Pelos vistos o que aconteceu no passado a Fernão de Magalhães, continua a acontecer hoje a muitos navegadores-professores! E é por isso que aqui o reproduzo, desde já o disponibilizando livremente para outro qualquer Agrupamento de Escolas que o queira aproveitar e se porventura quiser fazer um Projecto Educativo… onde impere a coragem e a determinação:
« 3.5.4.2 - Educação Especial
A promoção da acessibilidade ao meio, aos transportes e às tecnologias da informação e da comunicação, a par da mudança de atitudes da população em geral é uma condição indispensável ao exercício dos direitos de cidadania e uma garantia à participação na vida social, económica, cultural e política para todos e sobretudo para os alunos com necessidades educativas especiais (NEE).
O novo paradigma da avaliação das NEE, por referência à Classificação Internacional da Funcionalidade, Incapacidade e Saúde (CIF) da Organização Mundial de Saúde, vai ao encontro das exigências decorrentes de uma avaliação dinâmica, interactiva e multidimensional das NEE, que pela sua estrutura e objectivos permite classificar não apenas os níveis de funcionalidade e incapacidade do indivíduo, mas também os factores ambientais que podem funcionar como barreiras ou facilitadores dessa funcionalidade.
As barreiras existentes deverão ser equacionadas e entendidas como potenciais factores de exclusão social, que acentuam preconceitos e criam condições propícias a práticas discriminatórias, prejudicando as pessoas com deficiência ou incapacidade, vedando-lhes, assim, o direito e o acesso à participação aos mais variados meios e recursos existentes na sociedade portuguesa.
No que concerne por exemplo ao desporto escolar, o acesso das pessoas com deficiência ou incapacidade à prática de actividades desportivas nas suas vertentes lúdicas, de reabilitação e de competição, constitui, reconhecidamente, um factor de vital importância. É no pleno exercício destas actividades que estes alunos com NEE poderão vir a assumir melhores níveis de acessibilidade psicológica e social e a demonstrar as suas potencialidades e capacidades.
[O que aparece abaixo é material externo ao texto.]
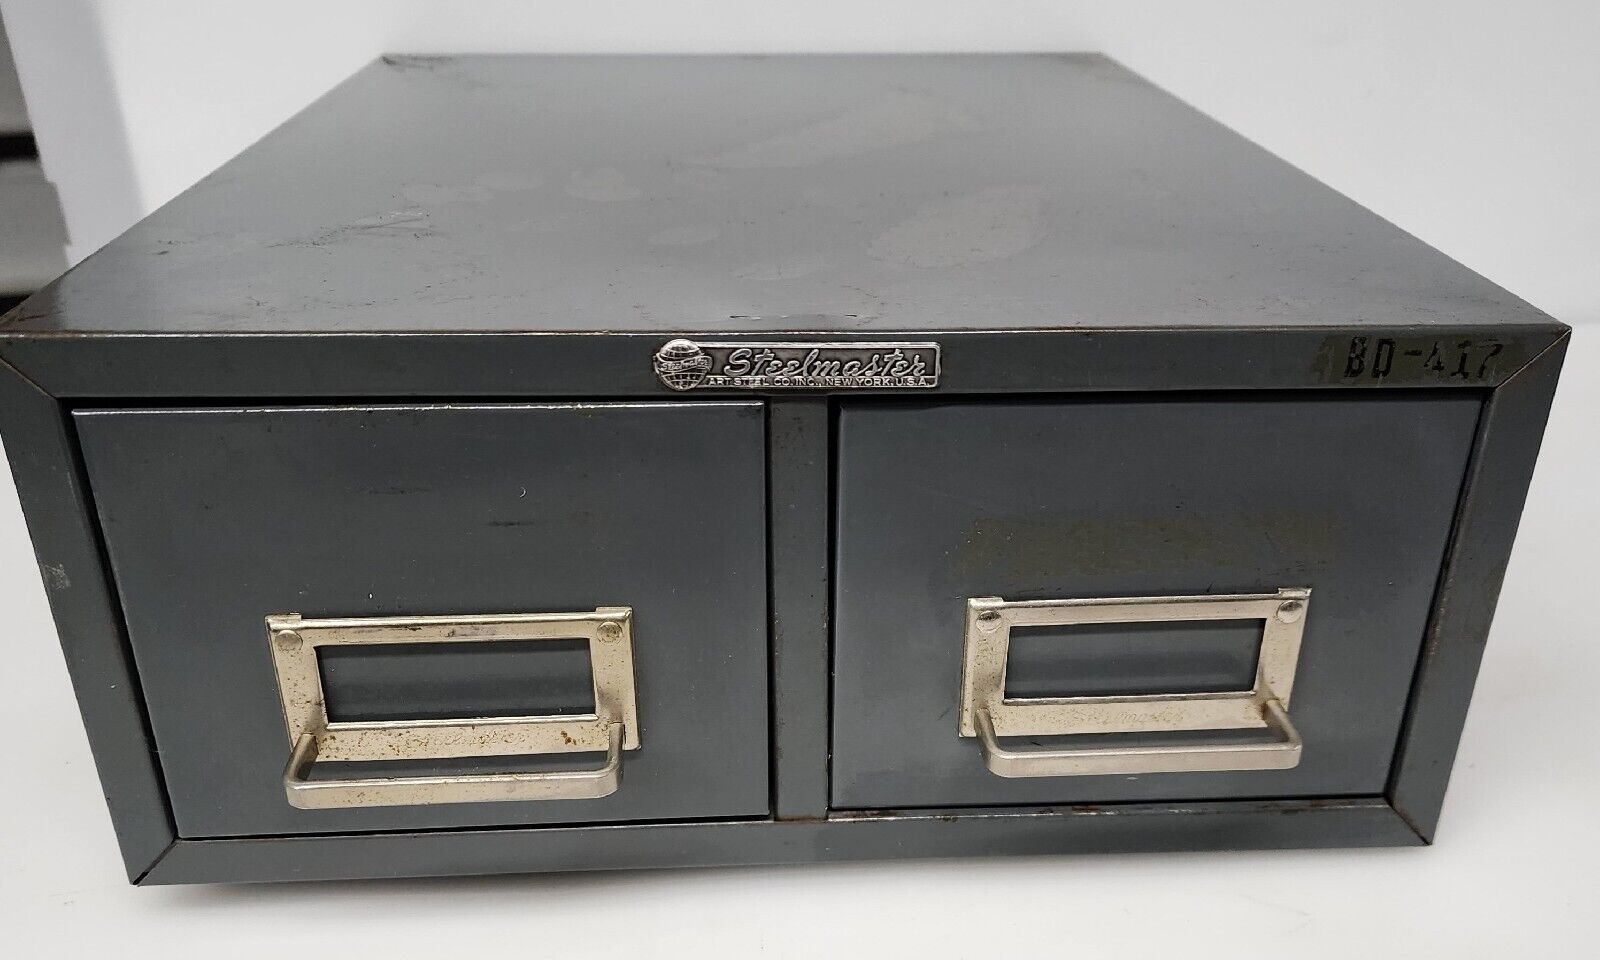 Vintage Steelmaster 2 Drawer File Index Card Cabinet Stackable Storage 4X6 Index

As práticas culturais, desportivas e do lazer devem ser actividades tornadas acessíveis a todos os alunos mesmo aos que possuem deficiência e incapacidade em ordem à sua inclusão e participação plena na sociedade. Um dos maiores desafios do Agrupamento é dar resposta às necessidades de todos os alunos, independentemente das suas condições físicas, intelectuais, sociais, étnicas e culturais, valorizando assim as diferenças, as suas origens e manifestações. Trata-se, em substância, de materializar o princípio da inclusão educativa ou escola para todos consagrados pela UNESCO, designadamente na Declaração de Salamanca e enquadramento da acção - necessidades educativas especiais, subscrita em 1994 por 92 países (incluindo Portugal) e por 25 organizações internacionais e, posteriormente, no Fórum Mundial sobre a Educação, (Dakar, 2000).
A organização da resposta educativa para alunos com NEE deve ser encarada no âmbito de uma gestão curricular flexível que permita uma progressiva adequação do currículo nacional ao contexto de cada escola, de cada turma e de cada aluno em particular, devendo ter sempre por base os dados obtidos através de uma avaliação abrangente, compreensiva e fundamentada dessas mesmas NEE. Uma avaliação deste tipo permitir-nos-á avançar para uma planificação da intervenção educativa numa perspectiva cada vez mais inclusiva na medida em que, ao não se centrar exclusivamente nos problemas dos alunos e ao permitir pôr em causa uma série de factores de natureza contextual, facilitará uma eventual reestruturação dos mesmos com base num ensino pautado pelos princípios da diferenciação, adequação e flexibilização, indo ao encontro de um ensino de qualidade para todos os alunos.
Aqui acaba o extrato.